- Instructions for the task -
For this exercise, retype the lines from the one that holds "in original wraps" through the one that holds "spiritual, religion, enlightenment" in the records below, both included, exactly and without pictures.
[Input data — start]
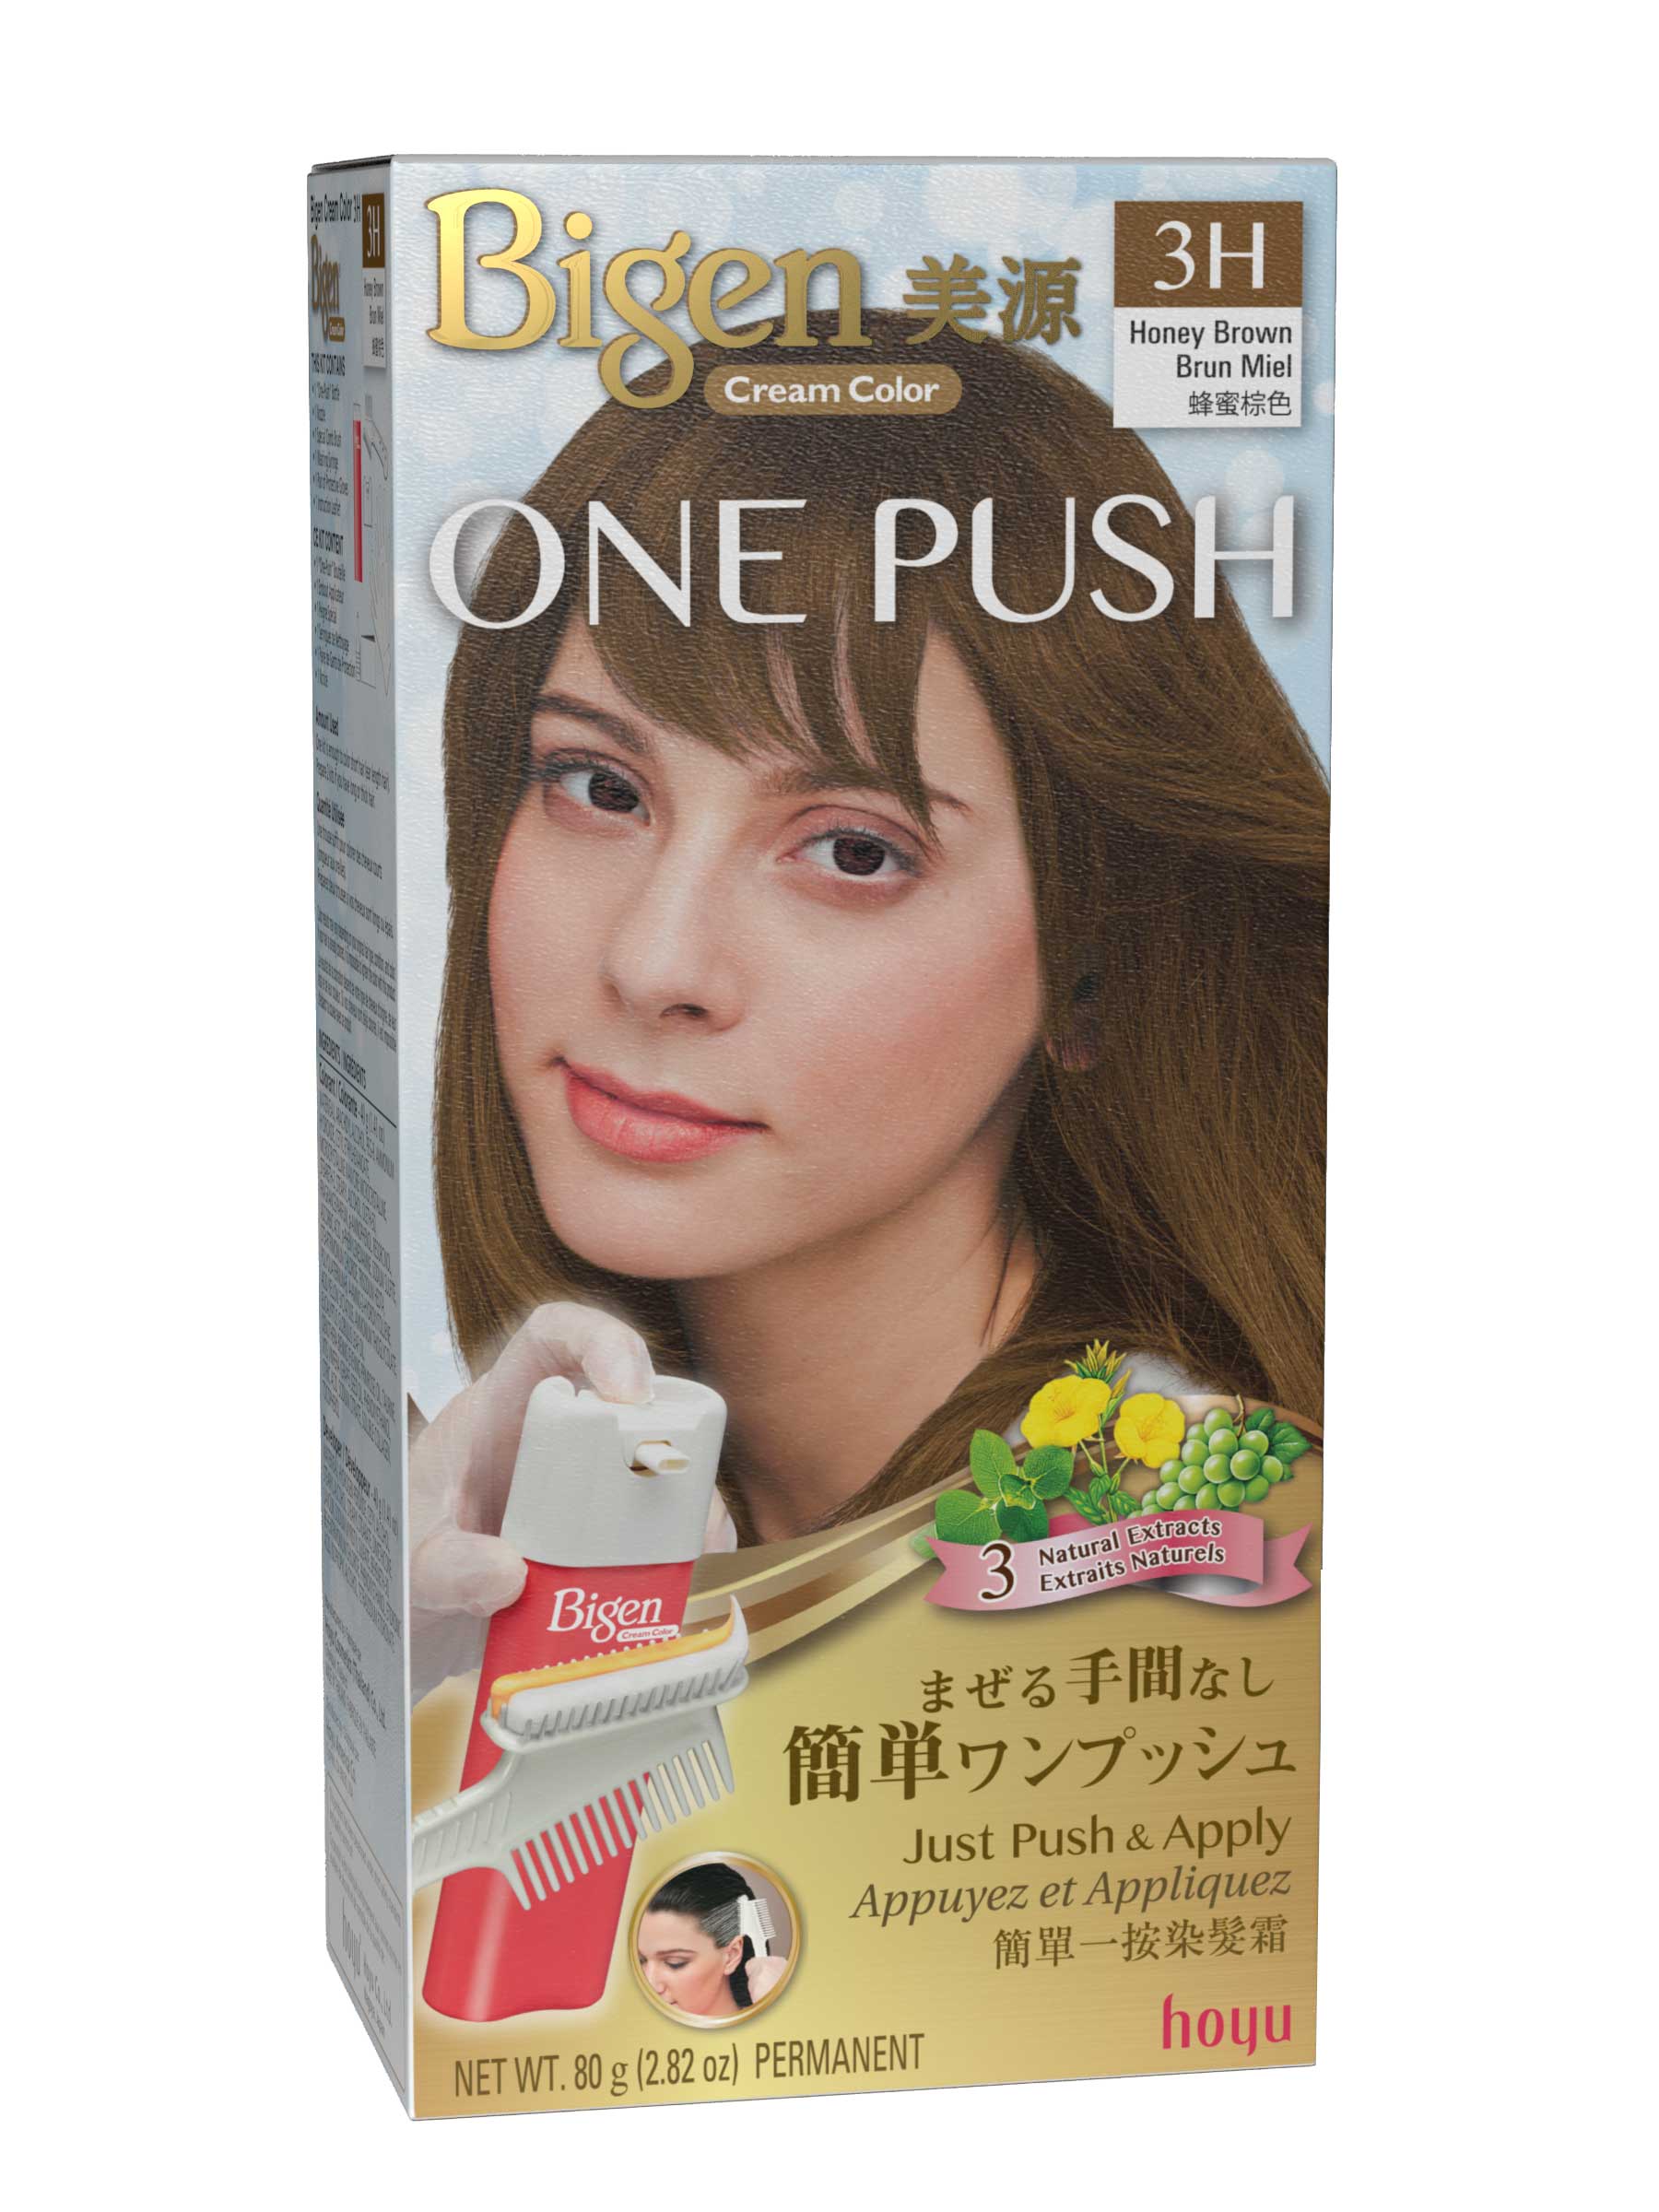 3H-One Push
[Input data — finish]
[Input data — start]
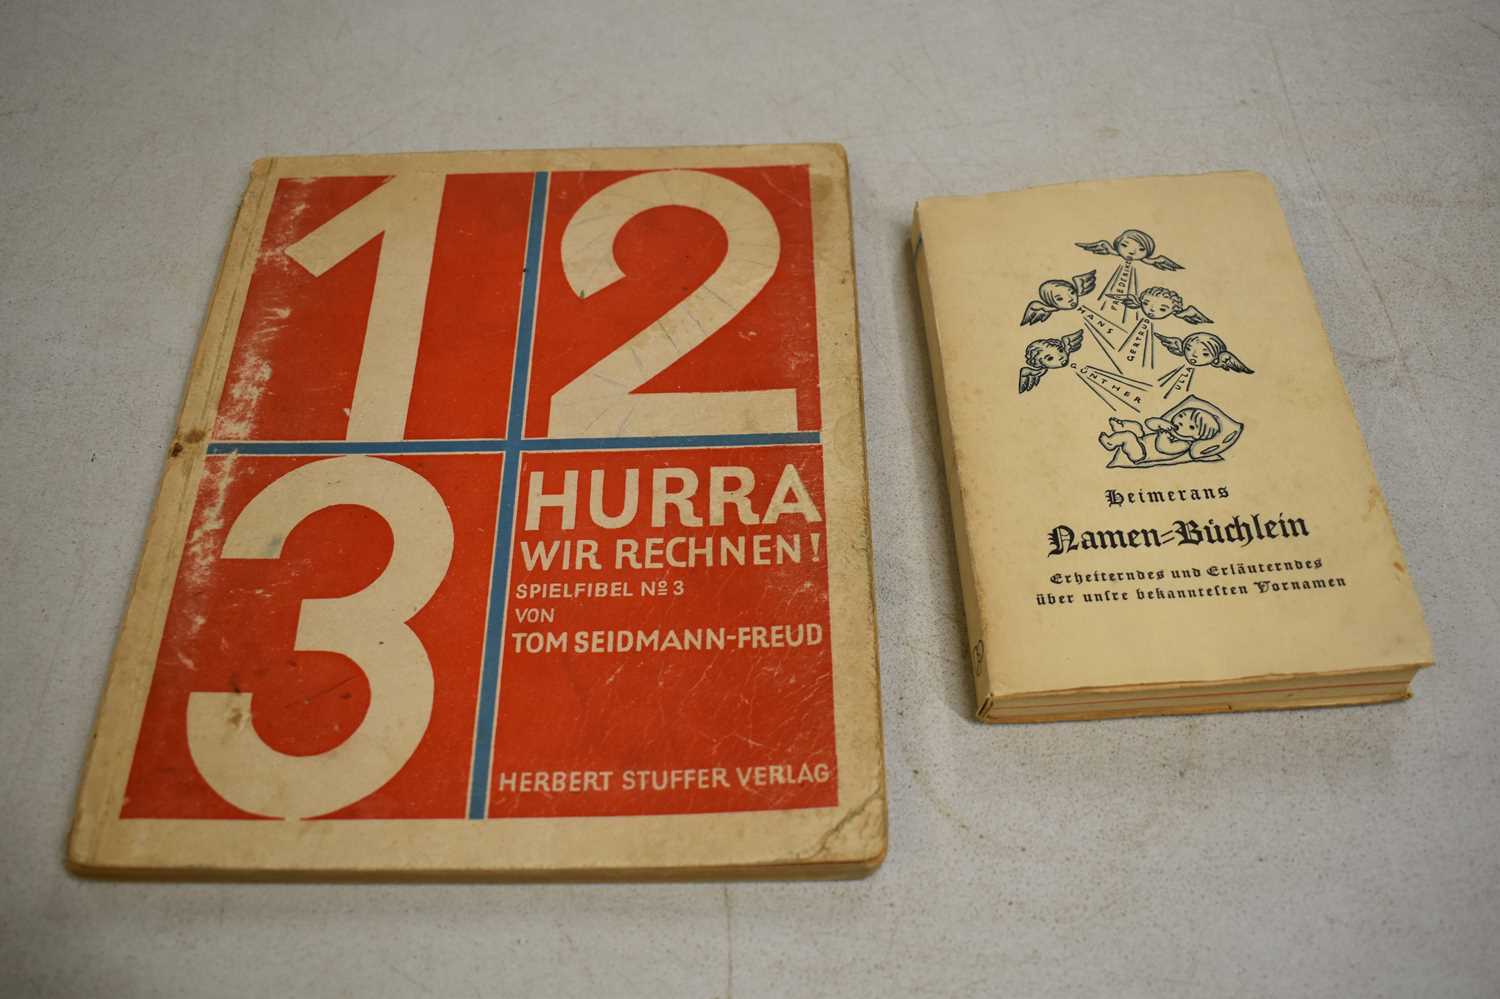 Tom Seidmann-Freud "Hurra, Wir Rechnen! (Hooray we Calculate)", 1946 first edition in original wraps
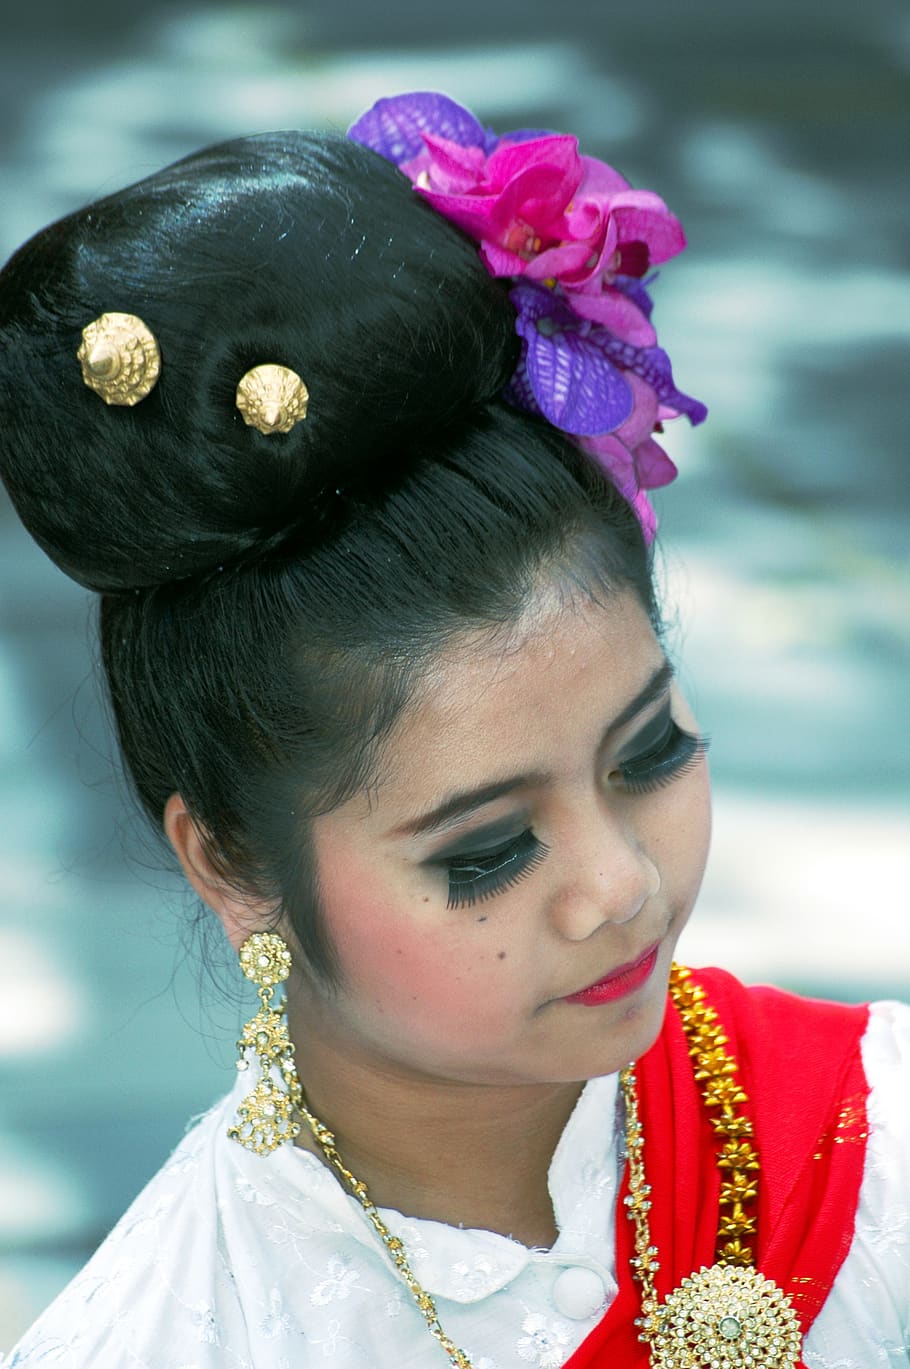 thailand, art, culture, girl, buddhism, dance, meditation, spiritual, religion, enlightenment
[Input data — finish]
[Input data — start]
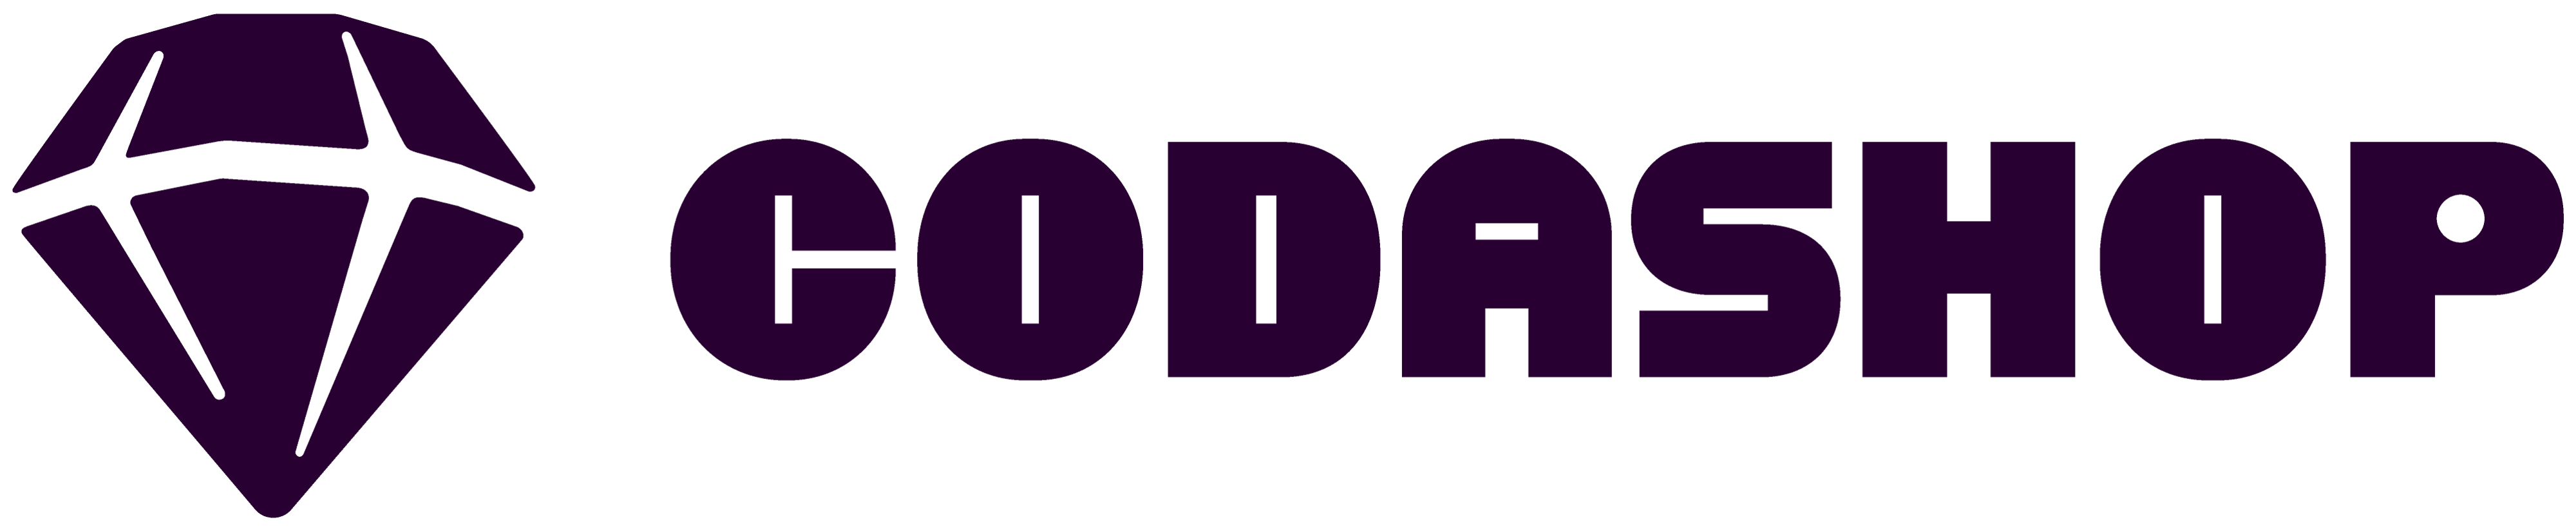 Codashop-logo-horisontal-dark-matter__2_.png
[Input data — finish]
- Answer box -
 Tom Seidmann-Freud "Hurra, Wir Rechnen! (Hooray we Calculate)", 1946 first edition in original wraps
 thailand, art, culture, girl, buddhism, dance, meditation, spiritual, religion, enlightenment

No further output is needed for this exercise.